→ Exercise data:
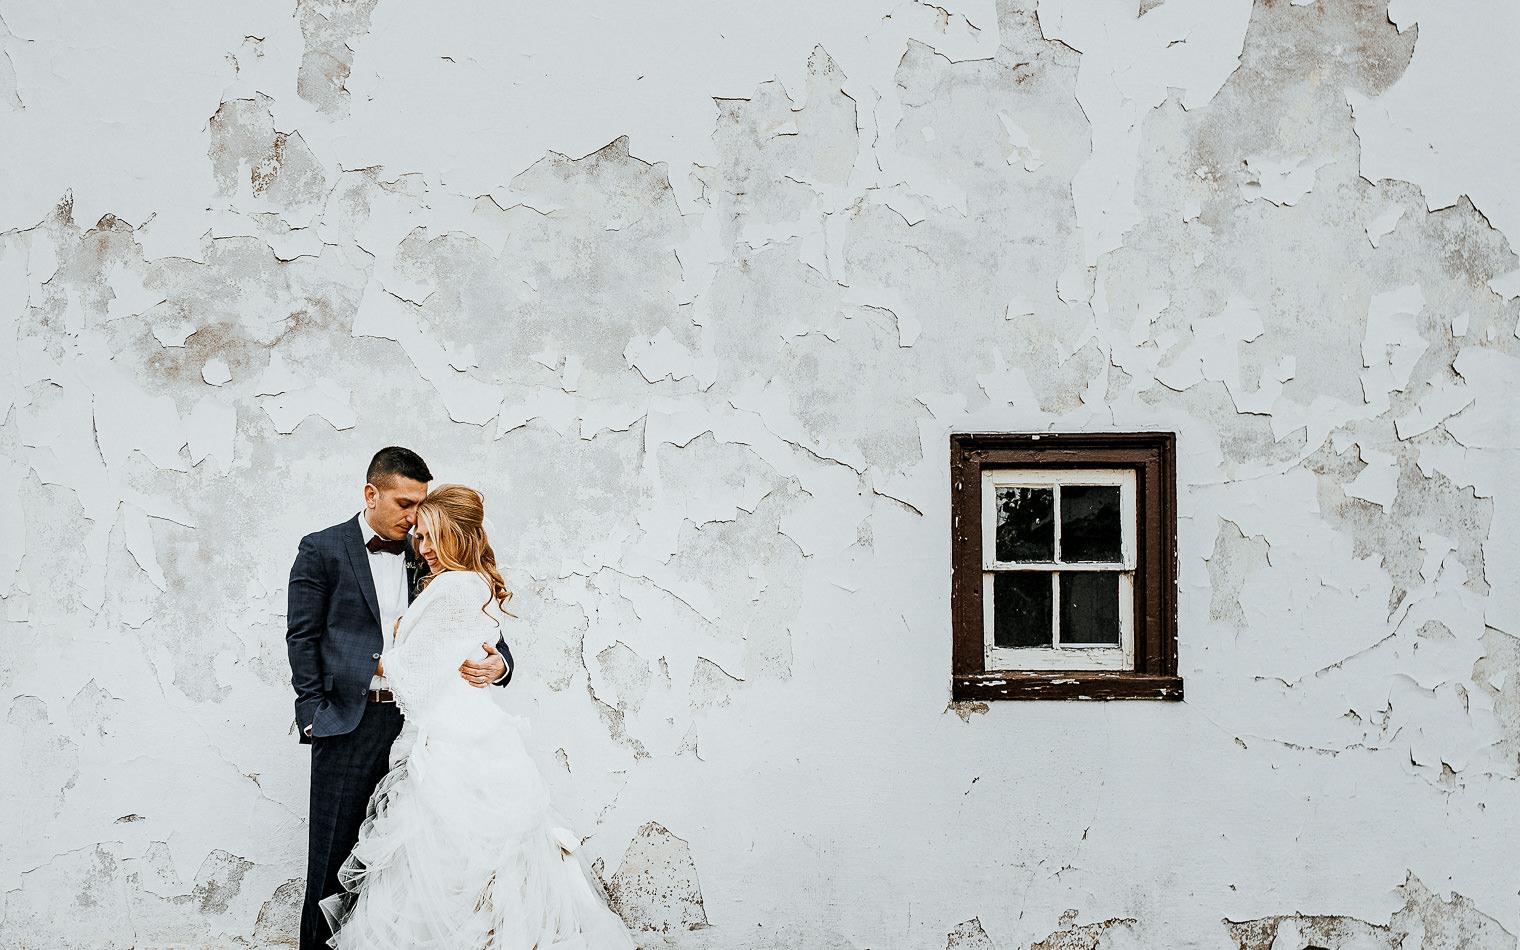 Twisted-Oaks-Studio-leica-m10-review-wedding-0001.jpg
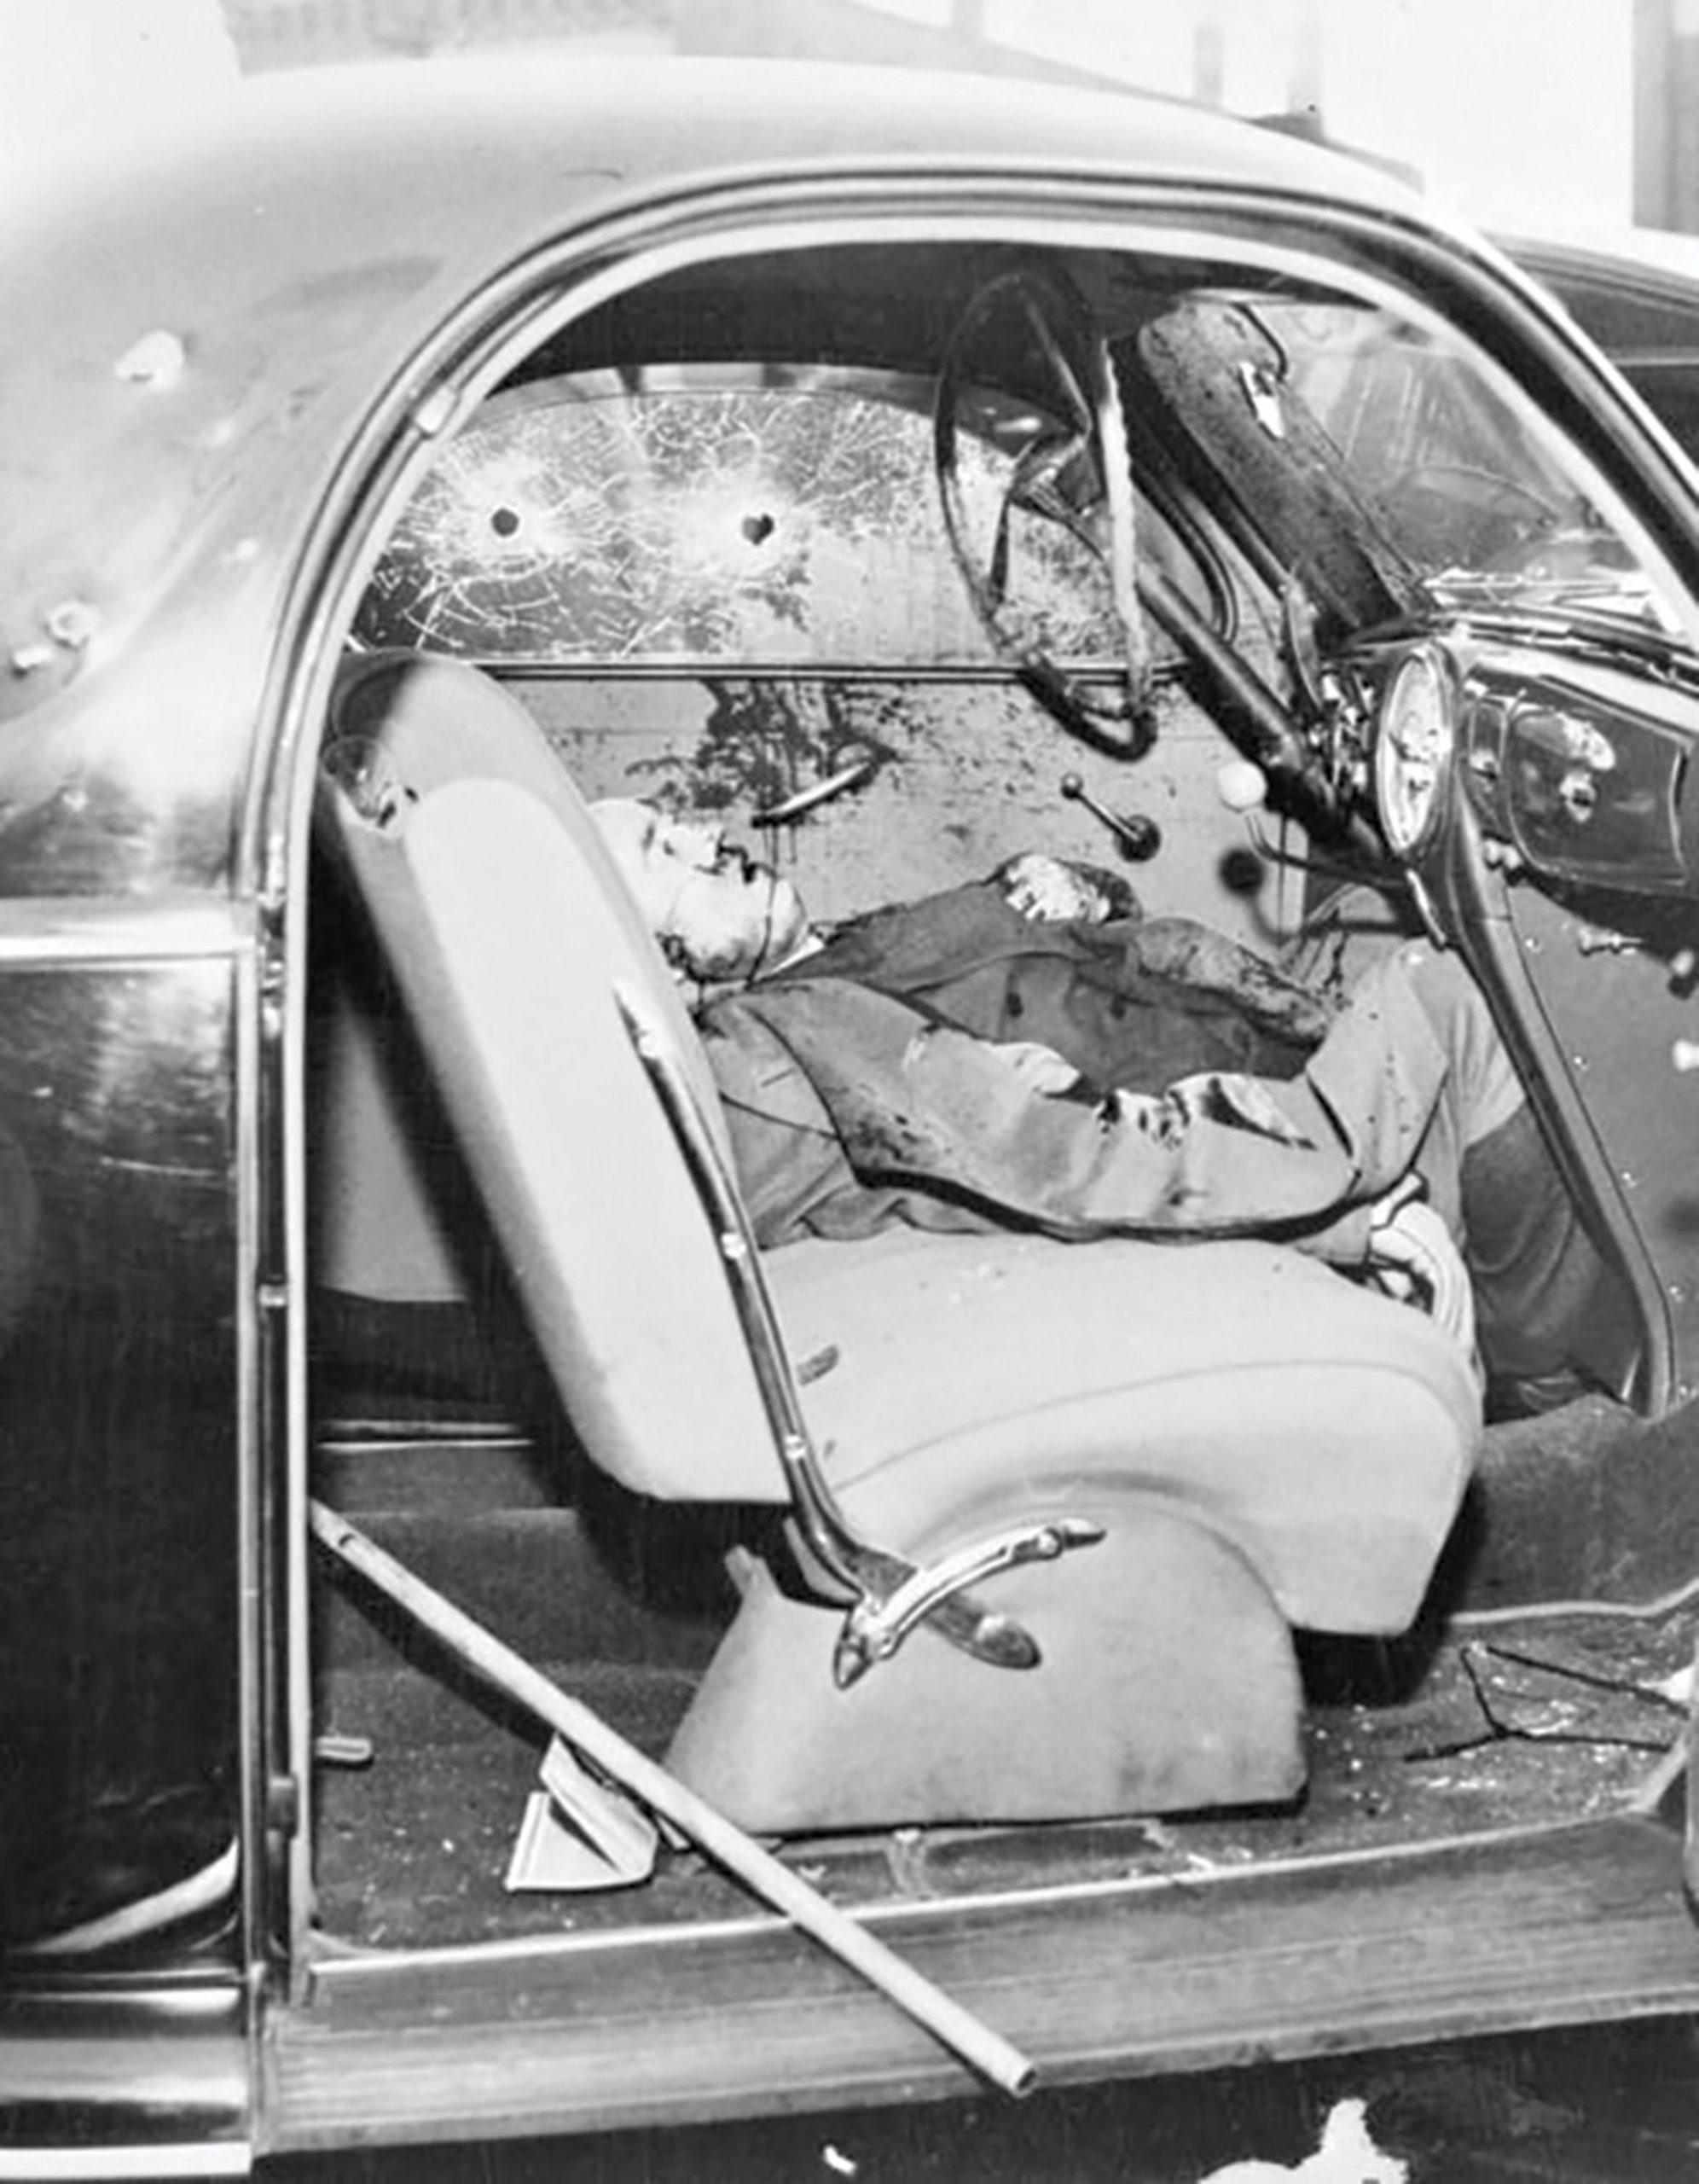 Edward O'Hare's 1939 murder drew Mafia suspicion to Sportsman's Park; Photo courtesy Chicago Tribune
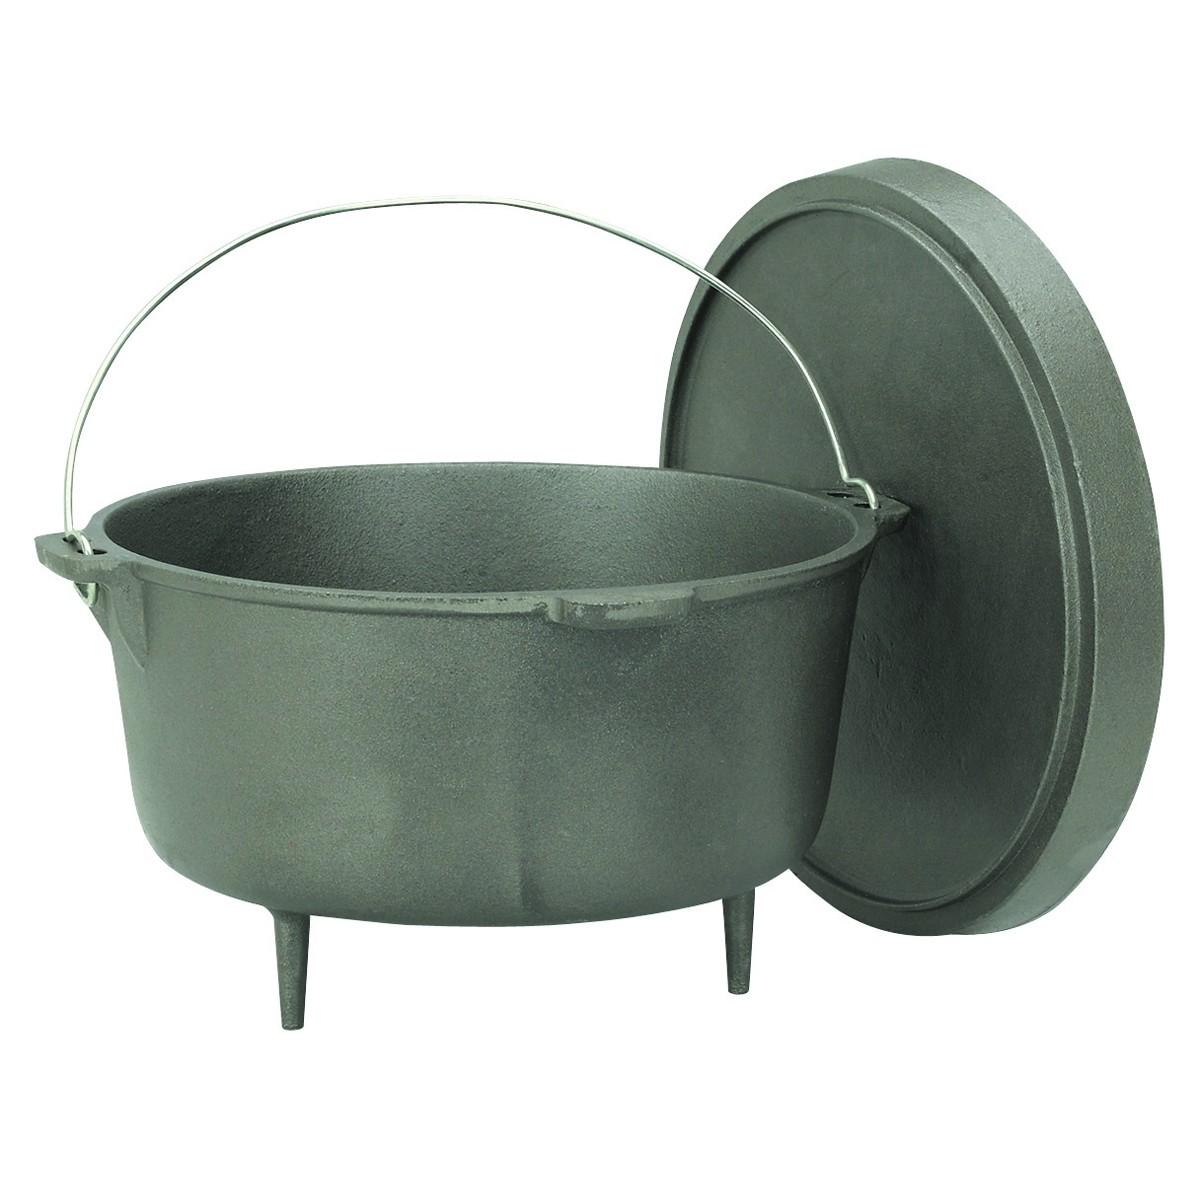 Wholesale China Manufacturer Color Enamel Cast Iron Round Dutch Oven

→ Task to complete: Restate the data above verbatim, skipping every image.

→ Reply:
 Twisted-Oaks-Studio-leica-m10-review-wedding-0001.jpg
 Edward O'Hare's 1939 murder drew Mafia suspicion to Sportsman's Park; Photo courtesy Chicago Tribune
 Wholesale China Manufacturer Color Enamel Cast Iron Round Dutch Oven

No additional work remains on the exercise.